The sport’s most famous team last powered a driver to the F1 world championship in 2007 with Kimi Raikkonen. Their last constructor’s title was a year later. Since then the big trophy cabinet has been bare.

Worse has followed. Always contenders or at least challengers, last year, with Mattia Binotto at the helm,  they have sunk into midfield mediocrity that has not only broken the hearts of their passionate Tifosi while disappointing true F1 fans who want to see fast Red cars in the mix, at the front.

This week ahead of 12 March, Agnelli’s centenary, in a wide-ranging interview about his grandfather – an Italian business legend – Elkann ventured about the state of the Scuderia: “Today Gianni would be disappointed as all we Ferrari fans are.

“But I am optimistic because we have two young drivers: they are not ‘used to winning’ but they have a great desire to ‘train to win’ with their humility and determination, they are infecting the whole team with this,” added Elkann.

A nice touch from the 44-year-old referencing the famous encounter between Enzo Ferrari and Agnelli, whereby L’Avvocato said to the Scuderia’s founder: “You are used to winning.”
To which Il Drake replied: “No, we are trained to win.”

For now, that training-to-win has gone awry at the team. Apart from throwing aways championships (Fernando Alonso 2010) they have hardly sniffed a title in over a decade.

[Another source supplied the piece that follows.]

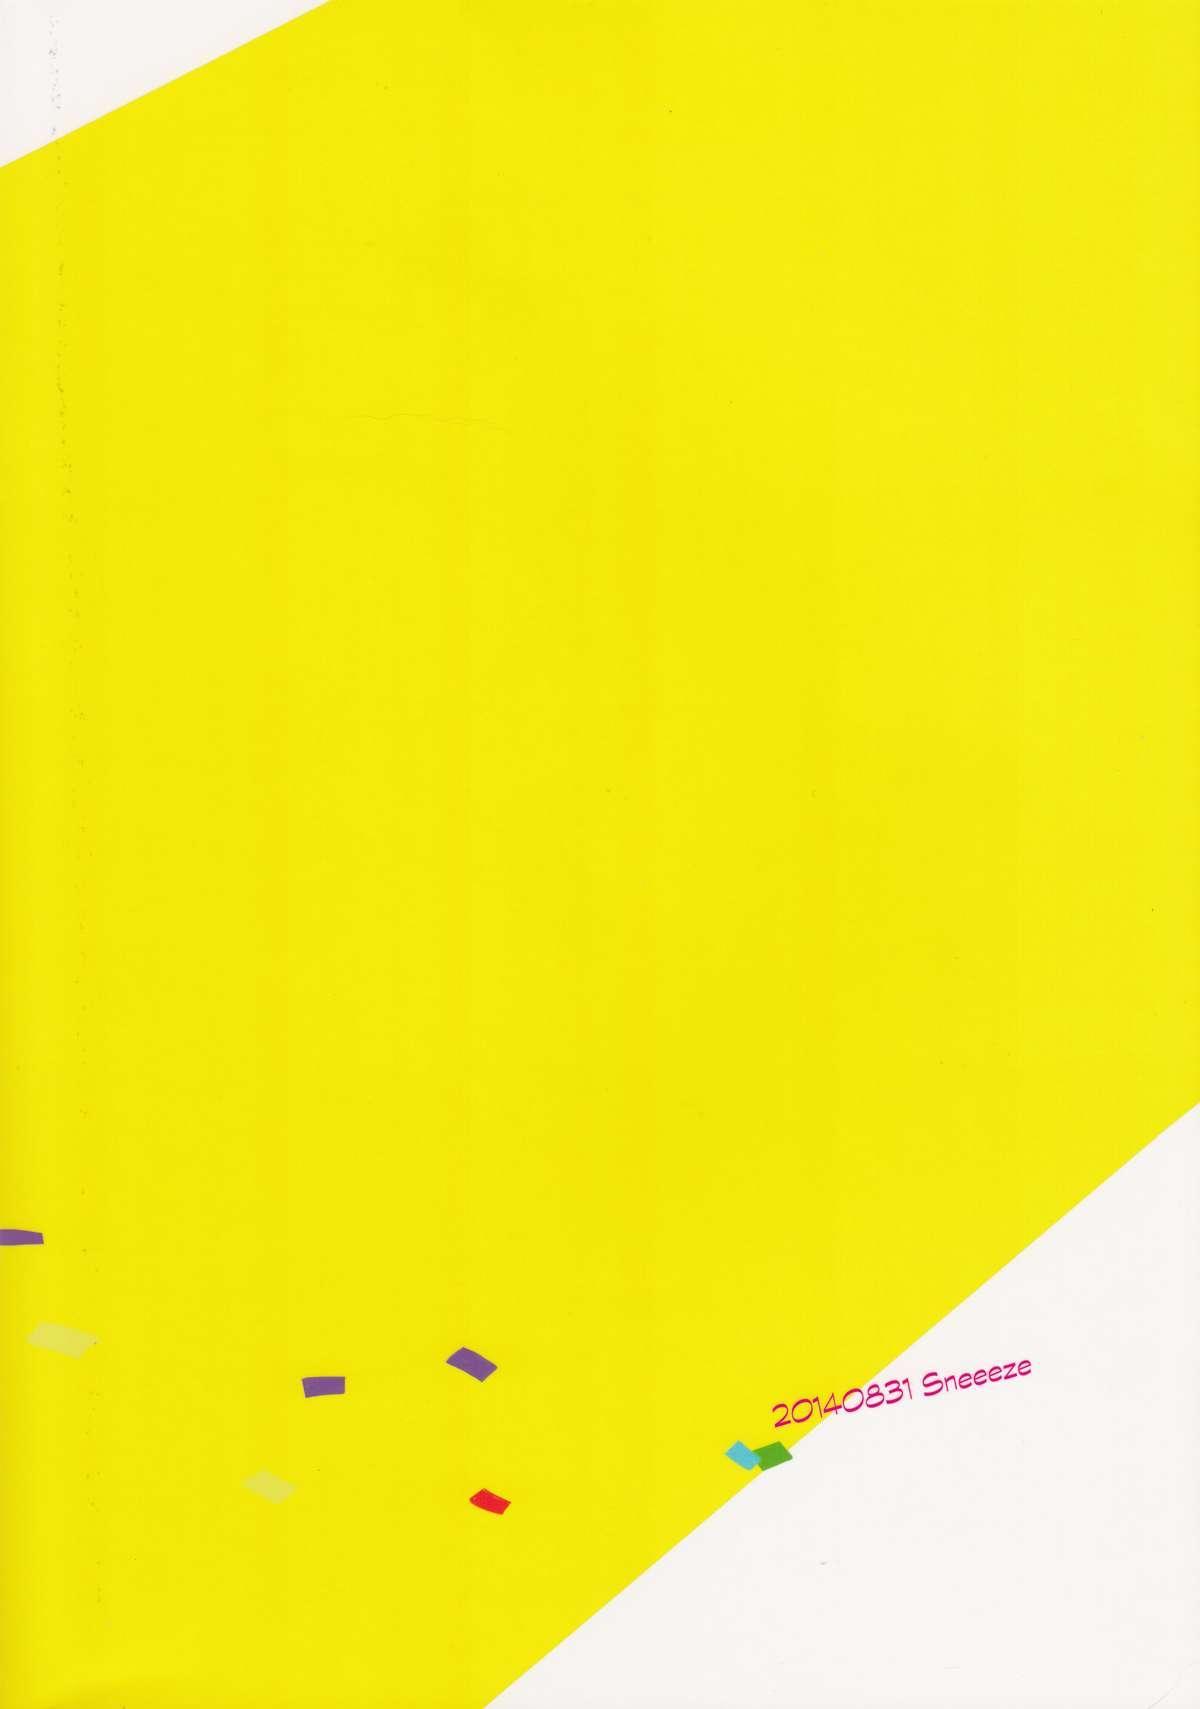 (Renai Endorphin 2) [Sneeeze (Kubu)] Cheer Haru-chan no Yuutsu | The Melancholy of Cheerleader Haru-chan (Free!) [English] {Anneioux} 25

Last month, Elkann’s war cry was: “The most important thing this season will be to demonstrate our will to win, through our commitment and dedication. We will have to pay attention to every little detail: it all adds up.”

While Mercedes versus Red Bull is invariably a box-office hit, the truth is with Ferrari in the mix is what makes F1 blockbuster stuff.

Agnelli passed away in January 2003, having witnessed the first three years of the great Michael Schumacher era at Ferrari, engineered by Luca di Montezemolo and his famous gang of Jean Todt, Ross Brawn and Rory Byrne.

L’Avvocato would have given the final nod on the deals to build that Dream Team and thus had a hand in the team’s greatest spell in top-flight which, sadly, only highlights the current mess they’re in under Elkann’s watch.

Ferrari named their 2003 F1 contender the F2003-GA, in tribute to Agnelli. With the great Schumi at the wheel, they delivered that year’s title in the tycoon’s honour.